Nanshu and her team also use a technique called incremental decoding to cache the representations of previous words that changed over time. By feeding exactly one word at a time through beam search, the system significantly increases prediction speed. And to make the system even more efficient, the team precalculates the context features and cache as soon as the person starts typing in the composer. So, if the question is “What is the status of the TPS reports?” and you’ve started typing “We are,” the system sifts through tens of thousands of logical possibilities and assigns a confidence score based on the correlations it learned during training.
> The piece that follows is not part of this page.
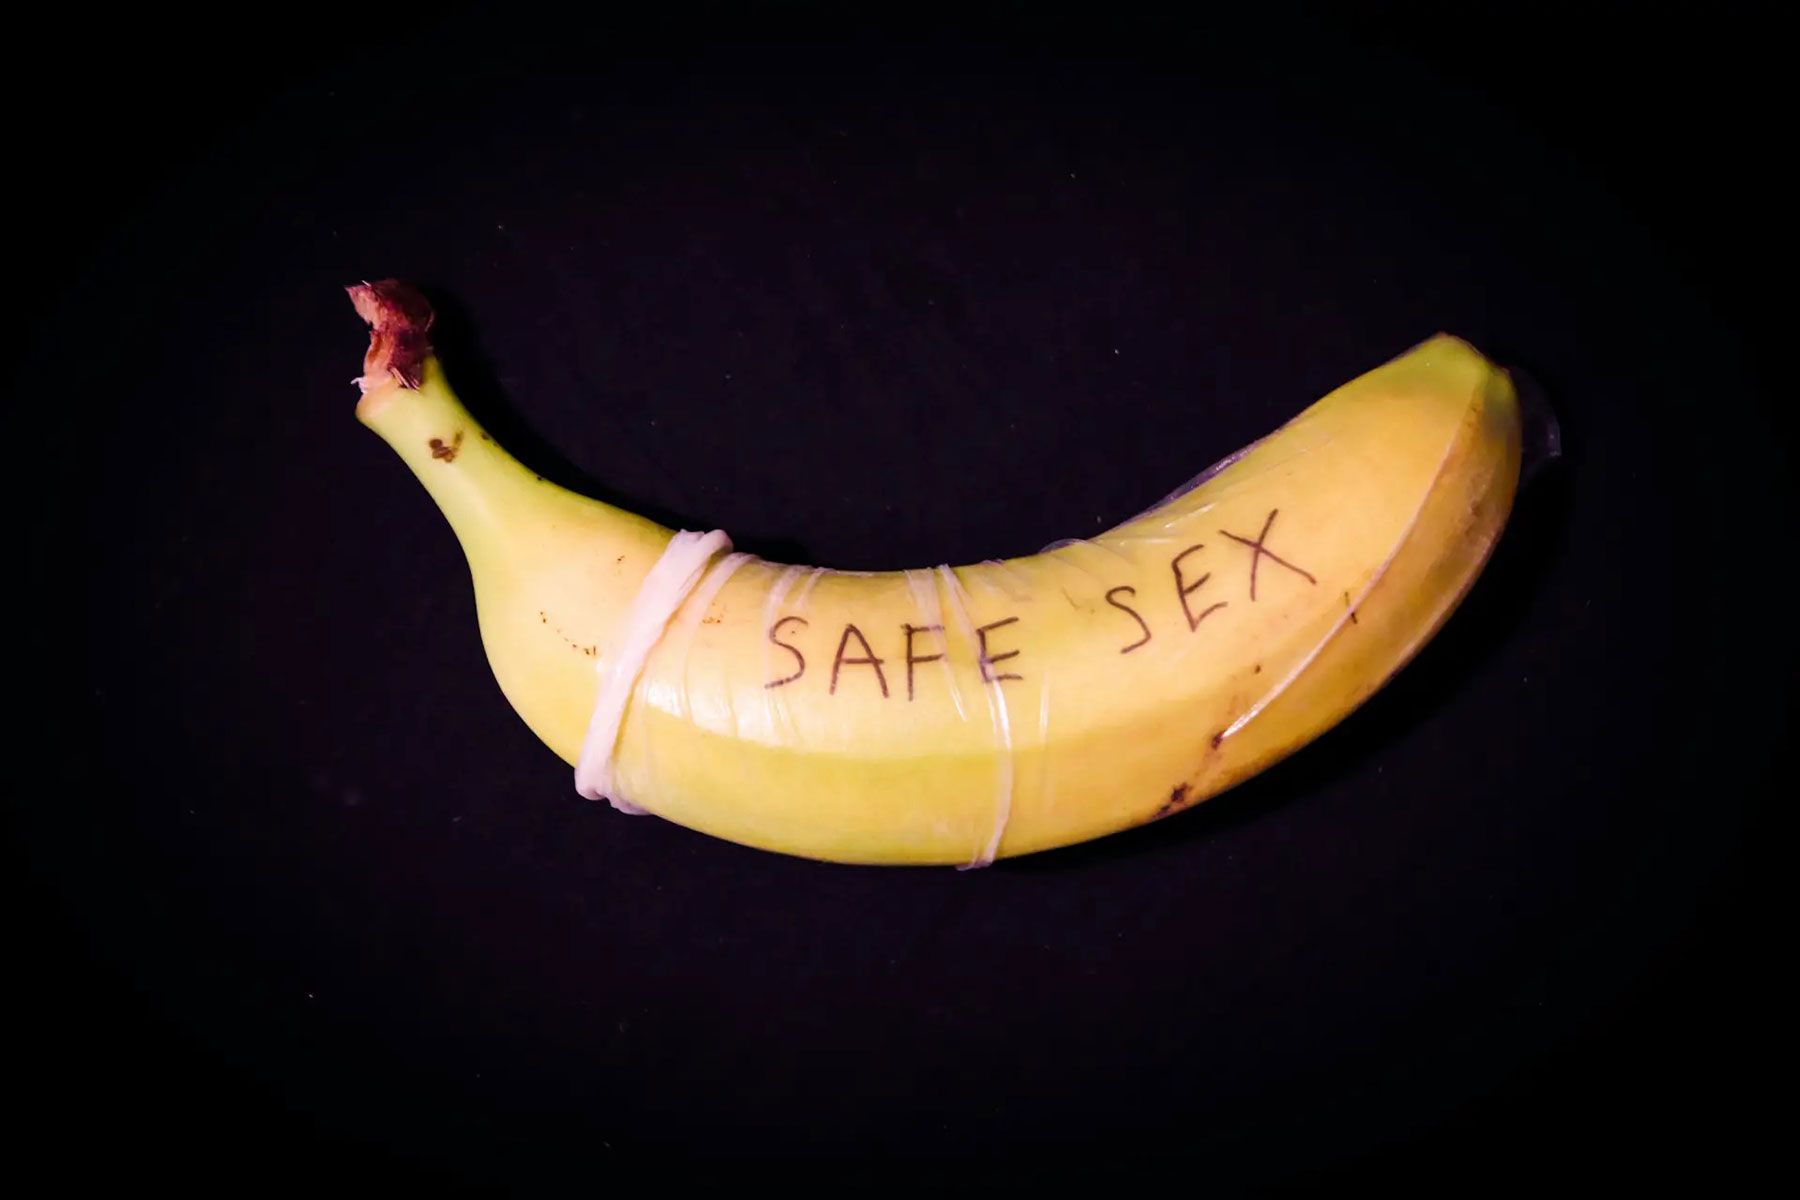 banana wrapped in a condom with the words "safe sex" written on it on a black background

In this case, high confidence in phrases includes “in the process of” and “taking a look at.”
To improve processing speed, the large models transfer their knowledge to smaller networks. This step, called knowledge distillation, helped accelerate the model 14x in production. And when it’s showtime, massive high-end processors called graphics processing units (GPUs) make it possible to run through billions of words as you’re typing.
The next evolution
Looking ahead, predictive text will be even more important for future innovations, like interacting with colleagues, friends, and family through VR or AR glasses.
As a next step, Nanshu’s team has to work through a host of hard computing challenges that come with AR/VR technology that’s often on-device. “The devices are an order of magnitude more restrictive when it comes to memory, processing power, and battery life,” Nanshu says.
And the systems are getting better all the time. Of course, even the most advanced AI language models today can’t perfectly predict every sentence. Nanshu explains that AI systems are far from understanding the abstract aspects of human intelligence — like sarcasm or reasoning — which are broader, wide-open challenges for the entire AI community. “The AI field is working toward a long-term goal of achieving human-level language understanding, which will make many applications, like autocomplete, a lot smarter and more useful,” Nanshu says. “Until then, we’re focused on iteratively improving the quality of our language models every day. And I hope it makes typing a little easier for everyone.”